Modelling petroleum migration through microcrack propagation in transversely isotropic source rocks

Abstract

SUMMARY To investigate primary petroleum migration through microfracturing of source rocks, we develop a theoretical multiphysics model incorporating simultaneous generation of oil and gas from kerogen, elastic anisotropy of the source rock and propagation of microcracks filled with oil and gas. The variations of excess fluid pressure in the crack and crack propagation distance with time are determined. A detailed parametric analysis is performed to study the sensitivity of petroleum migration behaviour to changes in the input parameters including kerogen type (chemistry of kerogen to oil/gas conversion), elastic anisotropy of source rocks, geothermal gradient and burial rate.
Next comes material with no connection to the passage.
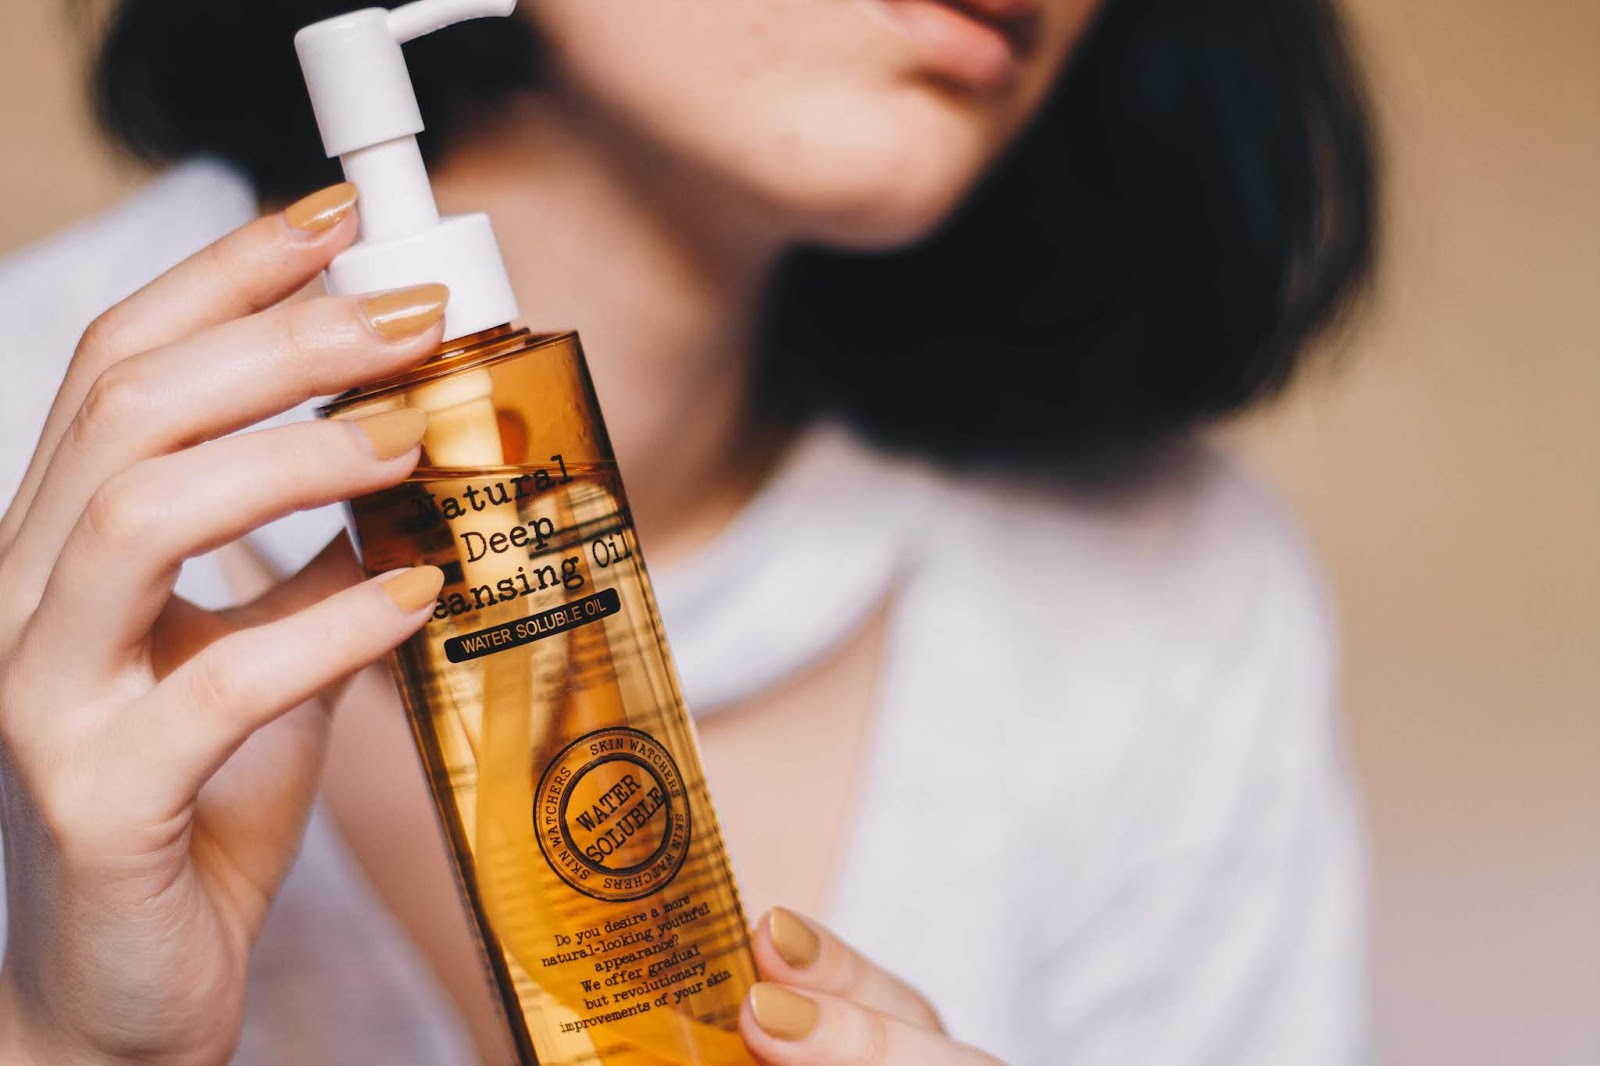 "Skin Watchers Natural Deep Cleansing Oil is a natural cleansing oil that is formulated with Natural Apricot Oil, Macadamia Seed Oil, Meadowfoam Seed Oil, and Bergamot Oil. "

Numerical results show that a microcrack in type III kerogen-bearing source rocks can attain greater length than in rocks containing type I and II kerogen which have higher oil potentials and transform to oil/gas much faster than type III kerogen. Elastic anisotropy of source rocks has a profound influence on the crack propagation distance, but only a marginal effect on the duration of crack propagation and the excess fluid pressure. The simulation also shows that higher geothermal gradients and fast burial reduce the crack propagation duration significantly, but excess pressure and final crack length are not sensitive to the variations of geothermal gradient and burial rate.